Trinity College Dublin, one of Europe’s most prestigious universities and situated in the Irish capital’s city center, is used to a steady stream of tourists. Recently, however, these have started to show some odd behaviors. Instead of exploring the grounds, inspecting the college’s venerable old halls, peering into guide books, or discussing famed alumni like Oscar Wilde or Bram Stoker in hushed tones, they have started to scan the eminent college through their smartphone screens.
This other world, visible through the phone’s digital layer, comes courtesy of the latter author: It was inspired by his famous creature Dracula. Roaming the old campus with baited breath, thrill-seekers now search the grounds for three vampire sisters haunting the halls – and, of course, the infamous count himself. Truly lucky explorers might even enjoy a close encounter of the third kind with the spooky vampire’s creator. Naturally, these cellphone wielding adventurers have not lost their minds, but only their undivided attention to the augmented reality game “Bram Stoker’s Vampires,” a location-based app for smartphones by Dublin-based studio Haunted Planet.
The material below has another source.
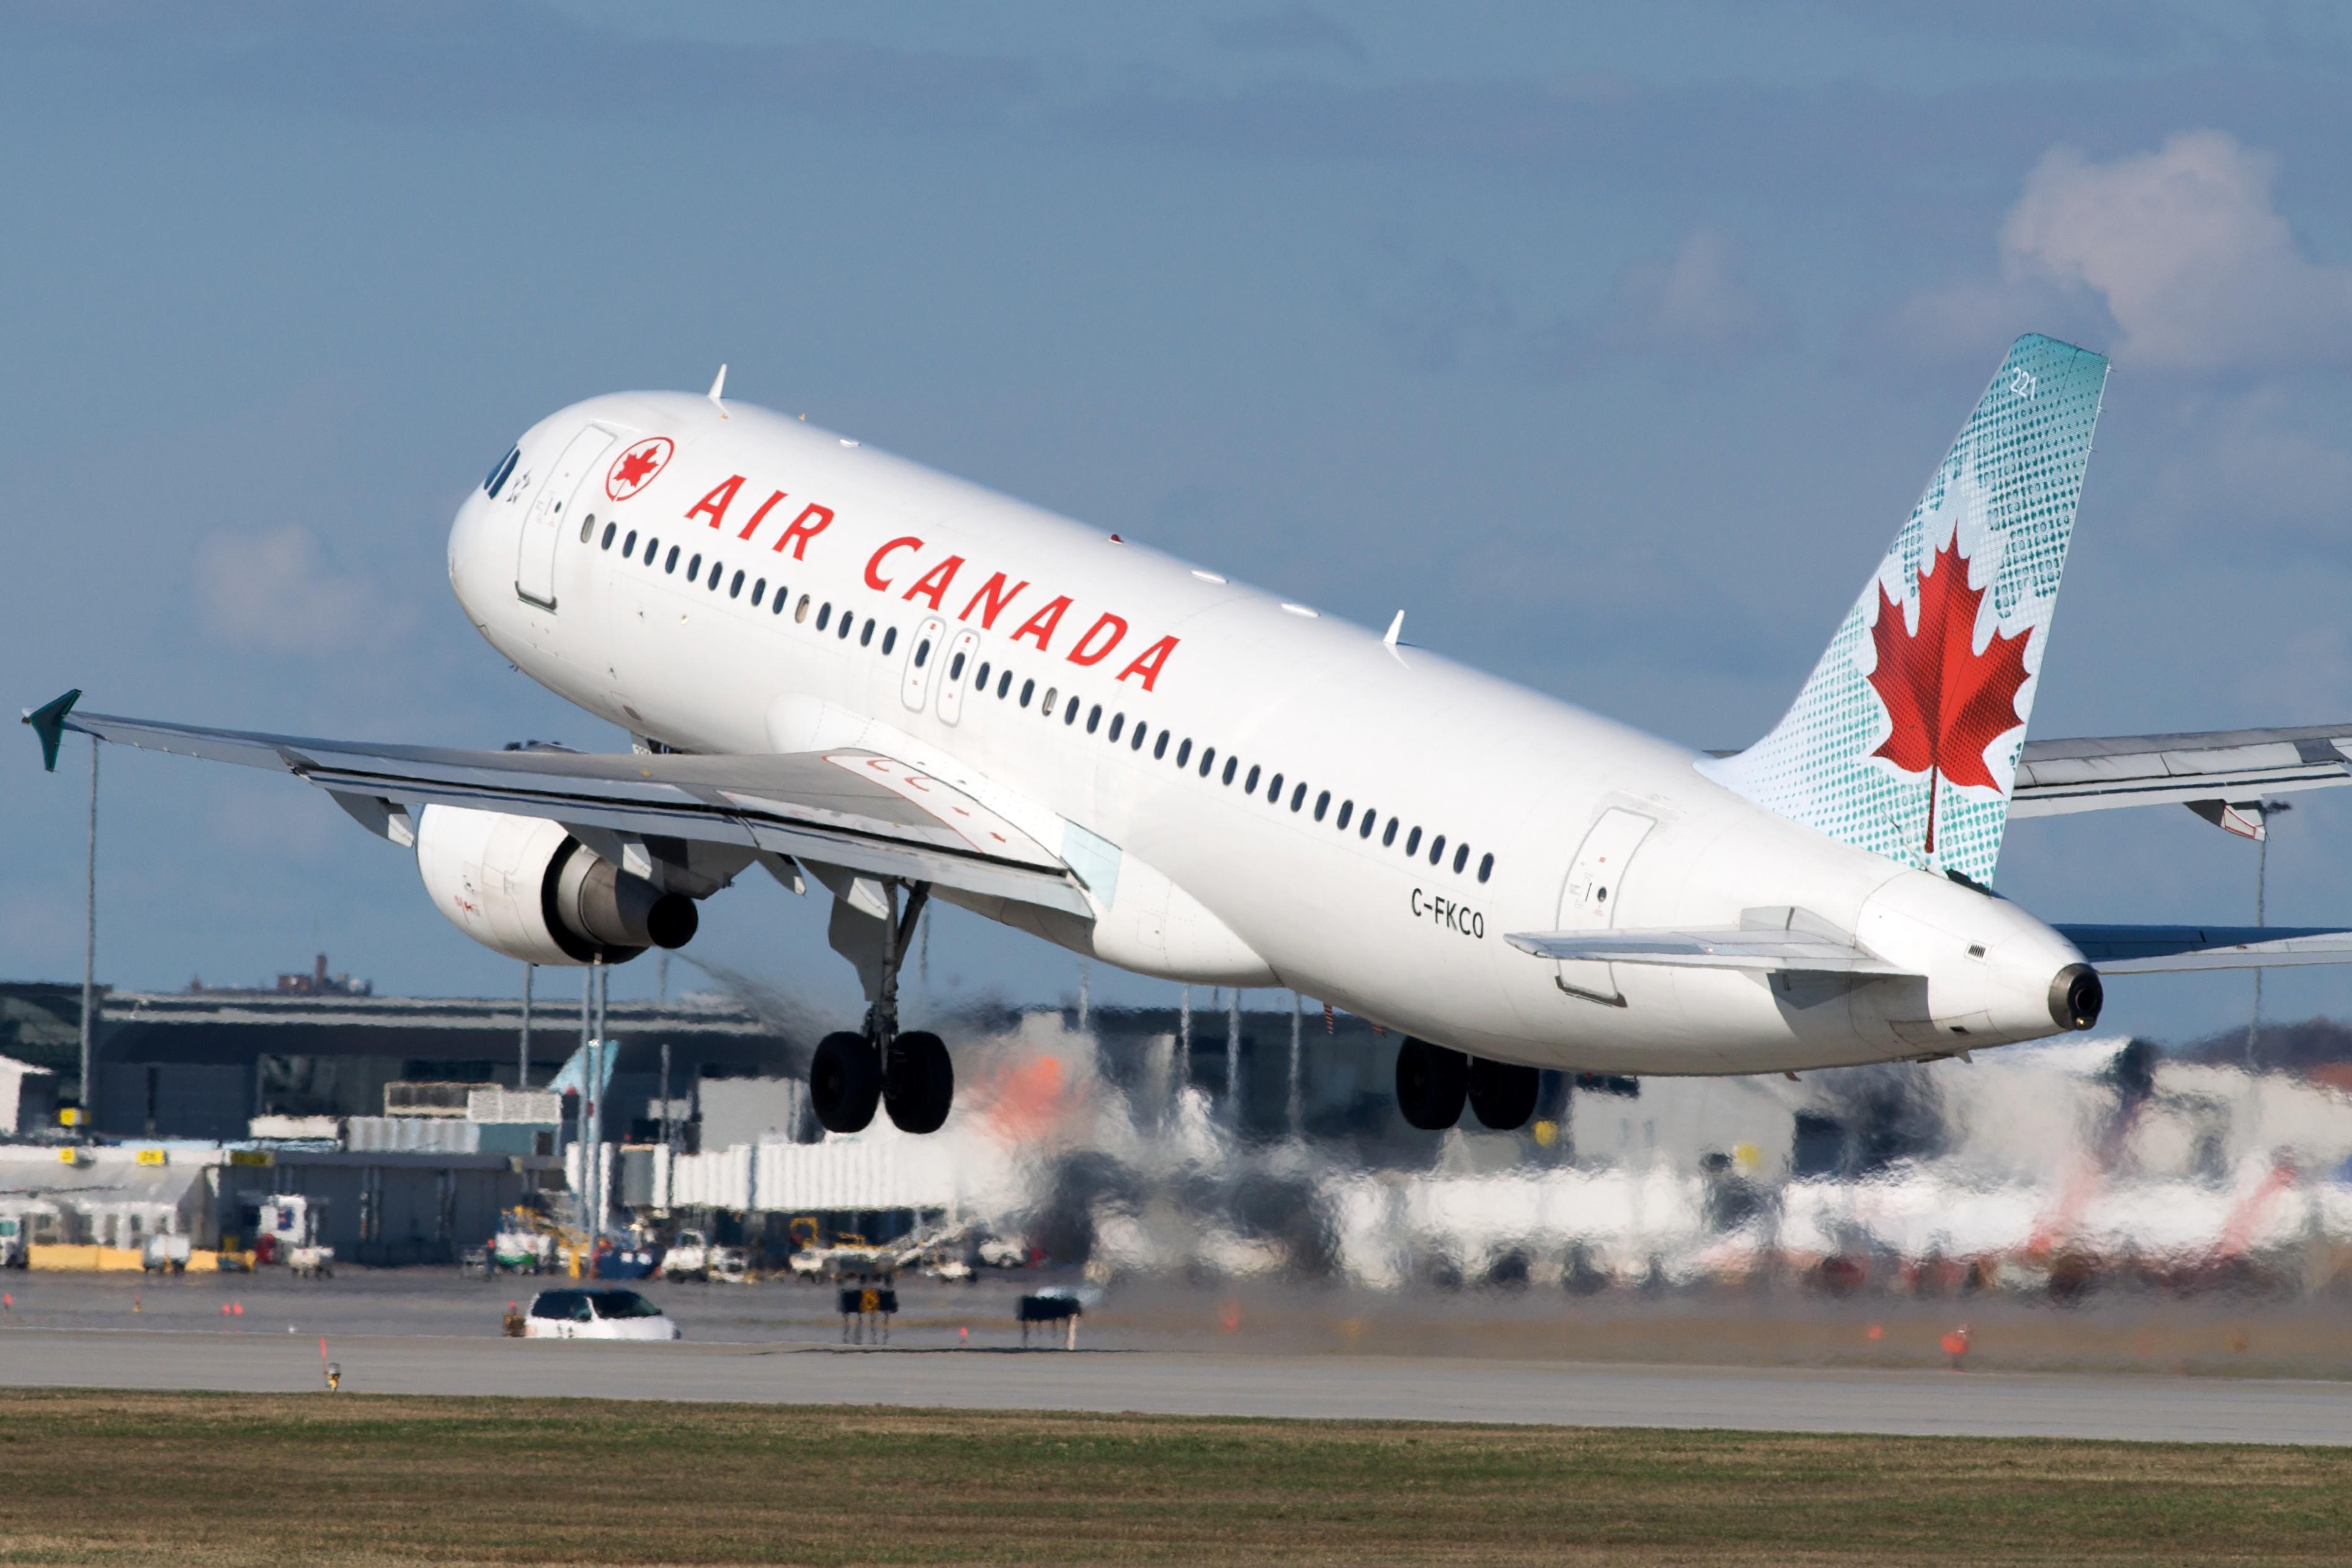 Самолету пришлось совершить экстренную посадку из-за пассажира, который захотел выйти вовремя полета

Driven by the idea that “the world is full of ghosts and earth is a haunted planet,” the game provides players with virtual tools that allow them to explore their environment and find out more about the histories of haunted urban spaces. This particular game is playable in a site-specific mode (i.e. at Trinity College Dublin) where it serves as an ideal gateway for players to explore the city’s cultural heritage, history, and the life of Bram Stoker, as Trinity College professor Mads Haahr, who conceived the idea and led the team that developed the game, likes to point out. In random mode, when players interact within their own environment anywhere in the world, the game loses some of its historical significance and becomes, as Haahr argues, “more of an urban exploration game,” one that uses streets and buildings in the player’s surroundings to generate the game’s events.
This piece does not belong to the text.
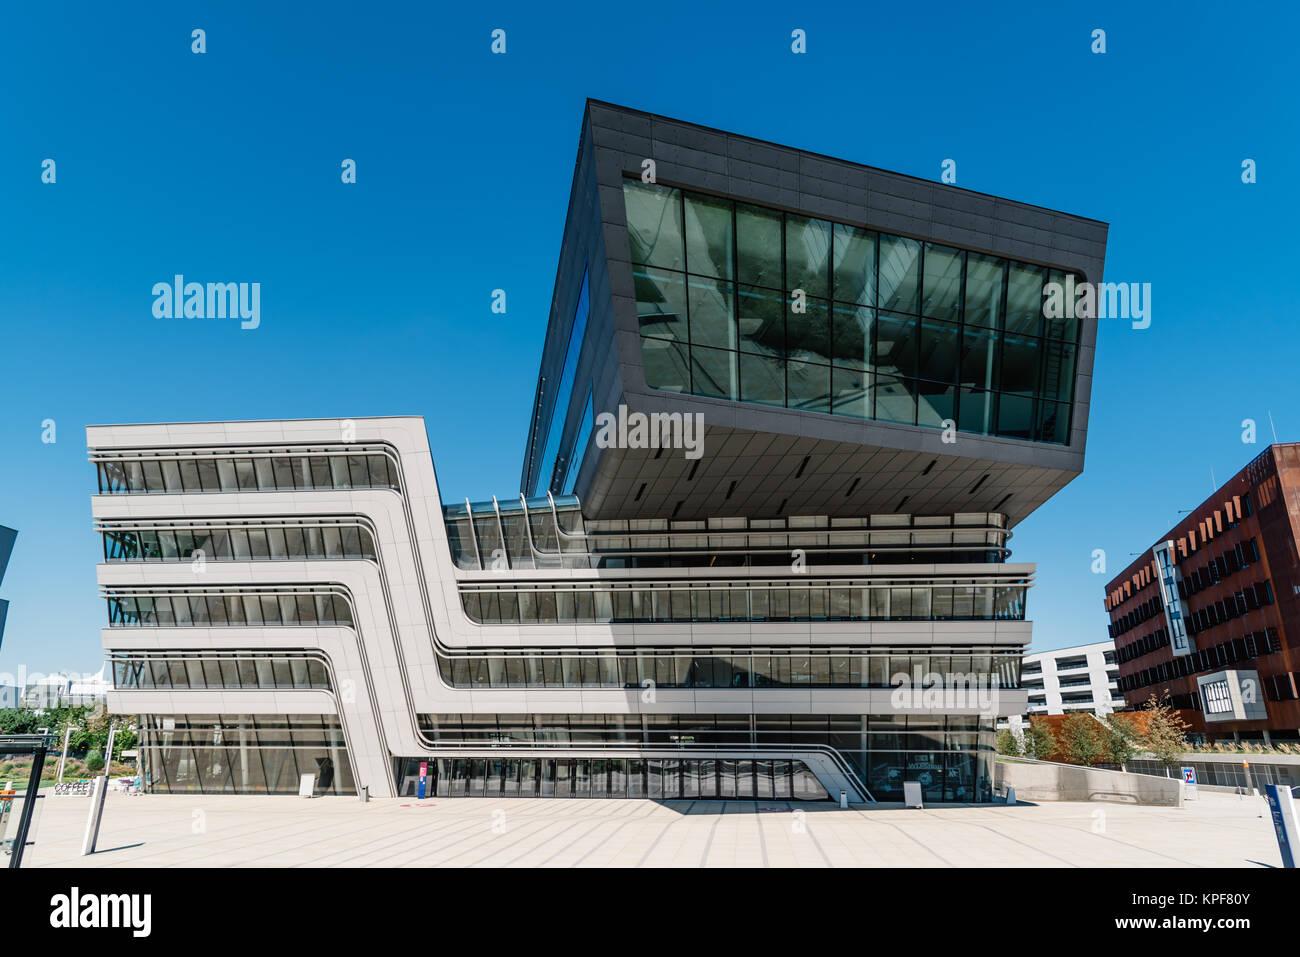 Moderne Architektur Gebaude An Der Universitat Wien Stockfoto Bild

Along similar site-specific lines, Berlin-based game studio Tripventure designs location-based augmented reality adventure games set in the city centers of European (mostly German) metropolises. And while the action veers between comic-style adventures and historic storytelling, two of their main products, Tod an der Mauer (death at the wall) and Mission Mauerfall (mission: fall of the wall) are deeply entrenched in Berlin’s history as a divided city. Firmly embedded in the changing historical urban landscape, the games force players to simultaneously explore present-day Berlin and a virtual version of the 1980s; a time when Berlin was still surrounded – or part of – Soviet Europe and the focus of many political struggles.
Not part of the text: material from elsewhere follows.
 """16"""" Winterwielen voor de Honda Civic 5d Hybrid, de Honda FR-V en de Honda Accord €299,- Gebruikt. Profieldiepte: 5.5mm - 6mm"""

At the same time, augmented reality games not only connect past and present to immerse players in local history. They also engage them in vibrant, everyday city life; in the spaces and details that make up the world around us. Google’s own augmented reality game, Ingress, is a great example of such an approach. The game takes our surroundings and forces us to reinvestigate them, to relive them through a different, alien perspective. The premise of Ingress is the existence of “exotic matter,” left by an alien race known as the Shapers, which has become the subject of an embittered battle between two warring factions. Against this background, the game encourages players to explore their environment, collect exotic matter, and gain control of local portals. The latter tend to be linked to popular public spaces like public art, parks, memorials, government buildings, or transportation hubs. Through in-game mechanics, Ingress supplies gamers with information via a Google Maps-style app or lets groups of players interact with the space around them and with each other.
What makes Ingress so unique, and uniquely addictive, however, is not only its global reach, but the way that it groups players into factions; only those who cooperate can hope to gain control over larger areas or to open portals beyond regional confines. Essentially, this game can be played anywhere within reach of Google services. And the game offers plenty of flexibility, too: Players can propose new sites for portals, thus opening up their specific region to further or more exciting gameplay. Here, virtual gaming and the physical realm meet and mingle in real-time.
As we can see, augmented reality gaming allows players to engage with their cities, essentially transforming urban public space into a stage for performative interaction. To this end, they challenge our concept of the place we live in, whether through exploration of historic dimensions or by alienating us from “normal” use scenarios, thus creating a virtual layer of meaning beyond the simple and sober “realism” of our everyday surroundings.